Sophiendukat (auch: Kinderdukat, Dreifaltigkeitsdukat, seltener: Sonnendukat) ist der Name einer erstmals zu Weihnachten des Jahres 1616 auf Veranlassung der sächsischen Kurfürstin Sophie geprägten Goldmünze mit einem Gewicht von rund 3,4 Gramm.

Die Münzen waren den Kindern Sophies gewidmet und trugen auf der Vorderseite neben dem Monogramm der Kurfürstin (CS = Churfürstin Sophie) auf den Kurschwertern die Umschrift „WOL DEM DER FREVD AN SEIN KINDERN ERLEBT“. Auf der Rückseite befanden sich das Auge Gottes, die Initialen „IHS“ (für Jesus Christus) und eine Taube als Symbole der Dreifaltigkeit. Die Umschrift auf der Rückseite lautete „HILF DV HEILIGE DREYFALTIGKEIT 1616“. Aufgrund dieser Prägungen wurden die Sophiendukaten auch als Kinderdukaten oder Dreifaltigkeitsdukaten bezeichnet.

Die Münze war als Patengeschenk so beliebt, dass sie in der Münzstätte Dresden bis 1872 nachgeprägt wurde. Die Nachprägungen lassen sich vom Original an der verkürzten Umschrift „WOL DEM DER FREVD AN SEIN KIND ERLEBT“ unterschieden.
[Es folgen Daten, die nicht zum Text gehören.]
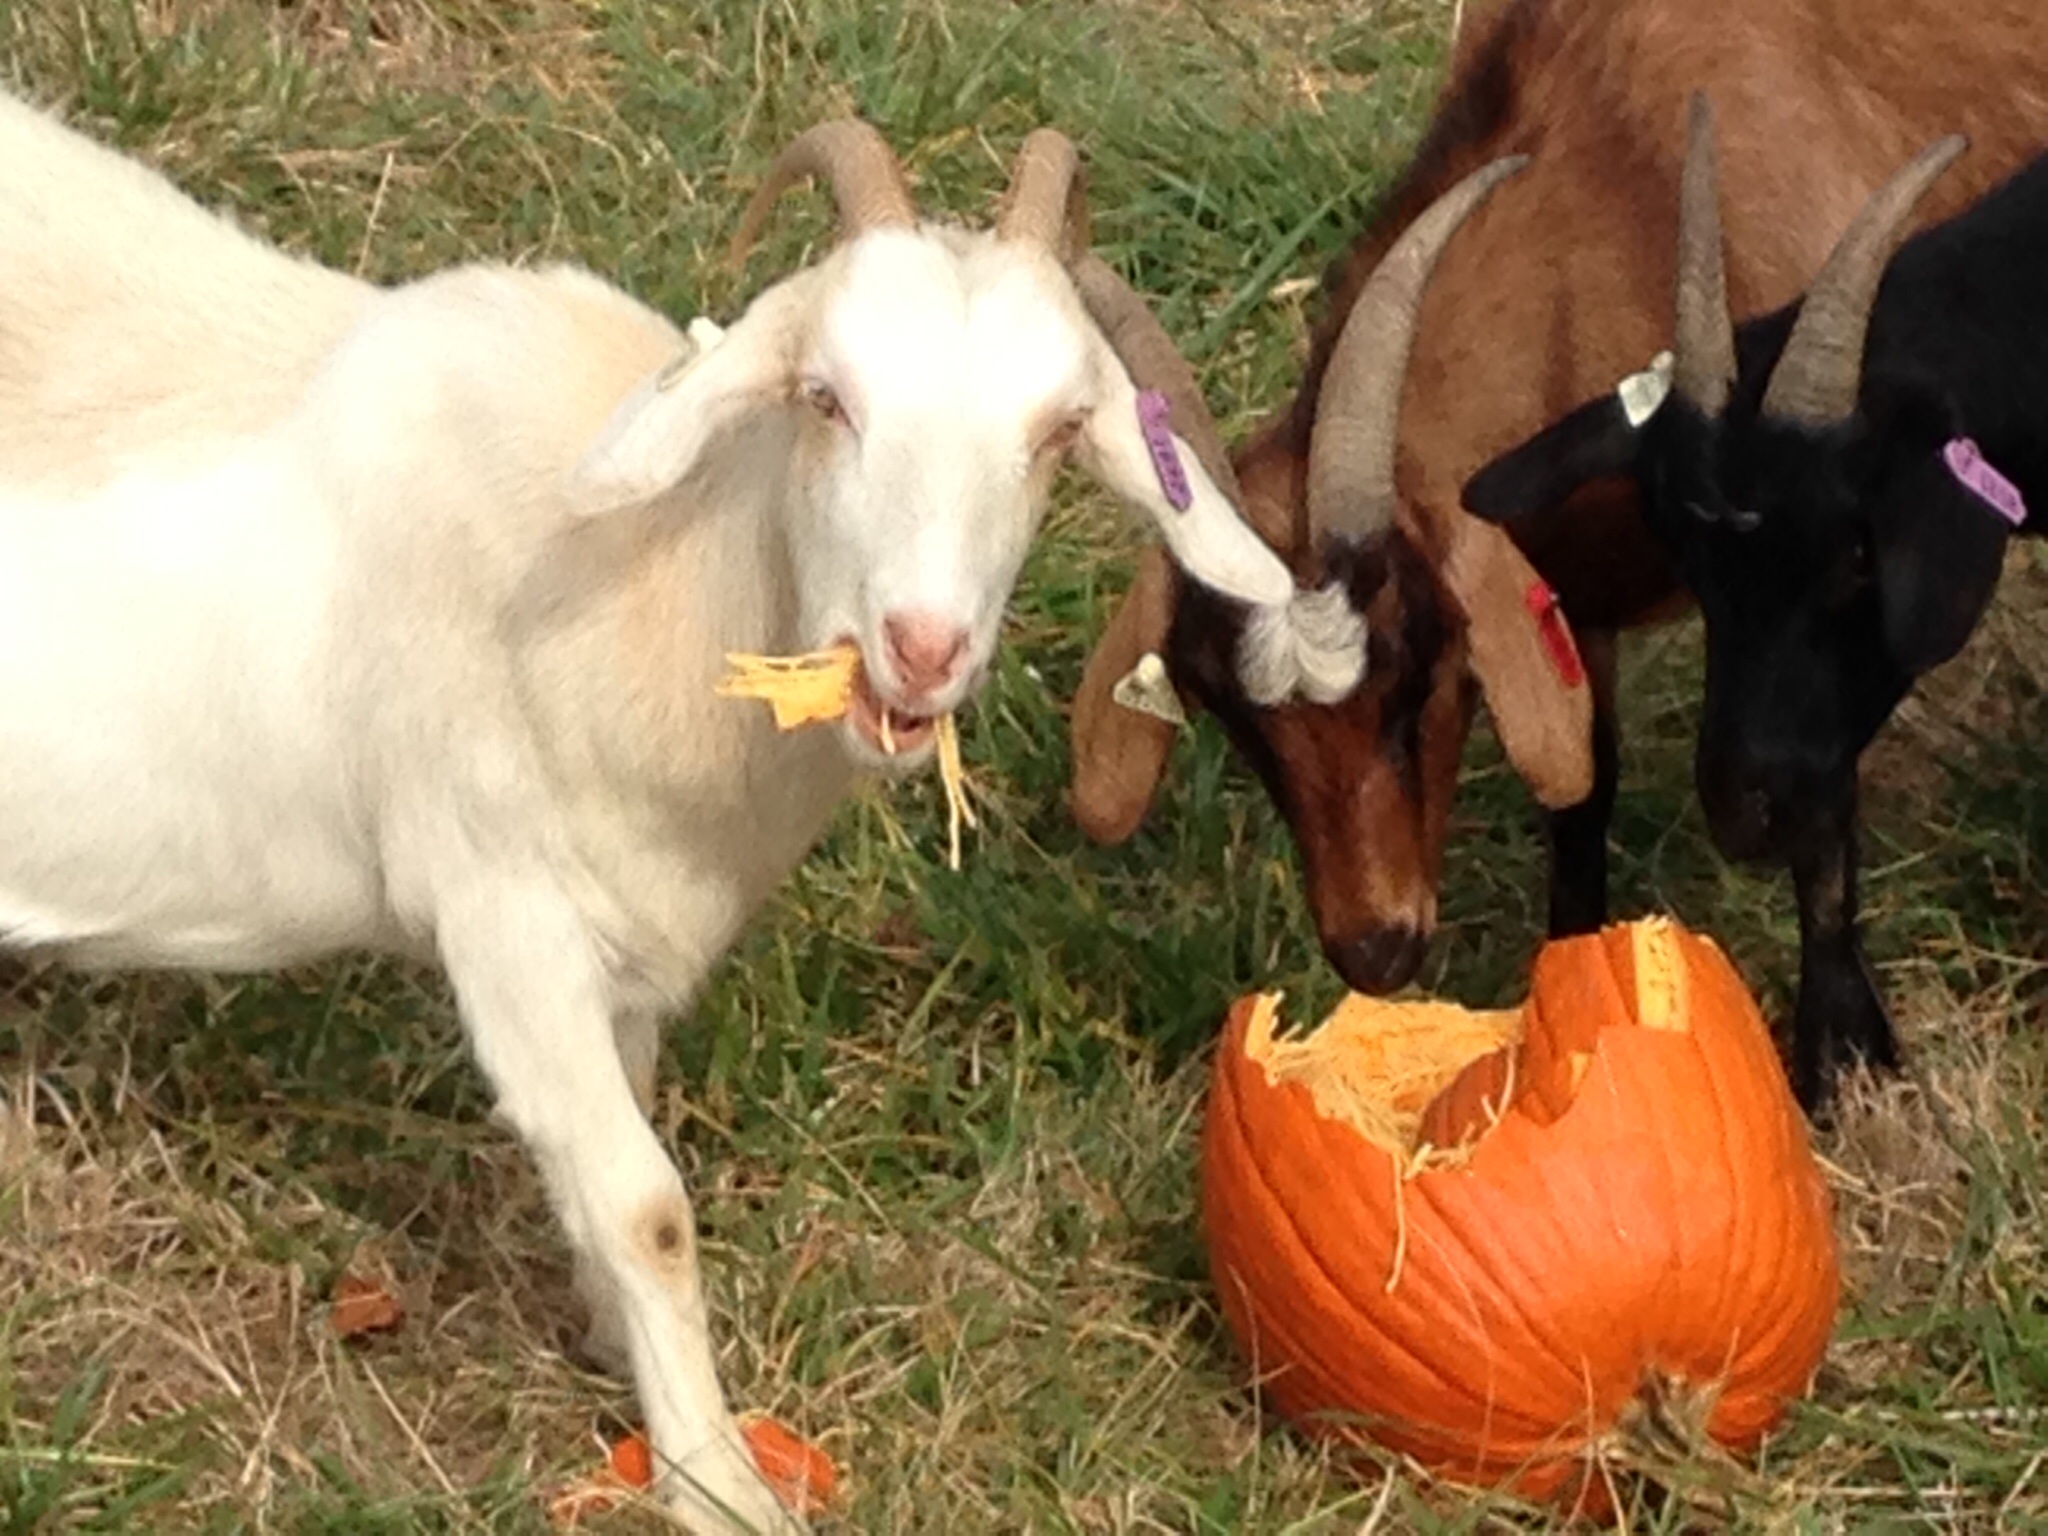 Goats love Halloween!

Literatur[Bearbeiten | Quelltext bearbeiten]

  • Helmut Kahnt, Bernd Knorr: Alte Masse, Münzen und Gewichte: e. Lexikon. Lizenzausgabe des Bibliographischen Instituts, Leipzig. Bibliographisches Institut, Mannheim/Wien/Zürich 1986, ISBN 3-411-02148-9, Sonnendukat, Kinderdukat, Dreifaltigkeitsdukat, S. 291.
  • Tyll Kroha: Sophiendukat, in: Ders., Lexikon der Numismatik, Gütersloh 1977, ISBN 3-570-01588-2, S. 412.
  • Paul Arnold/Harald Küthmann/Dirk Steinhilber/Dieter Fassbender: Sophiendukat, ein Großer Deutscher Münzkatalog von 1800 bis heute, Regenstauf 2009, ISBN 978-3-86646-049-2, S. 381

Weblinks[Bearbeiten | Quelltext bearbeiten]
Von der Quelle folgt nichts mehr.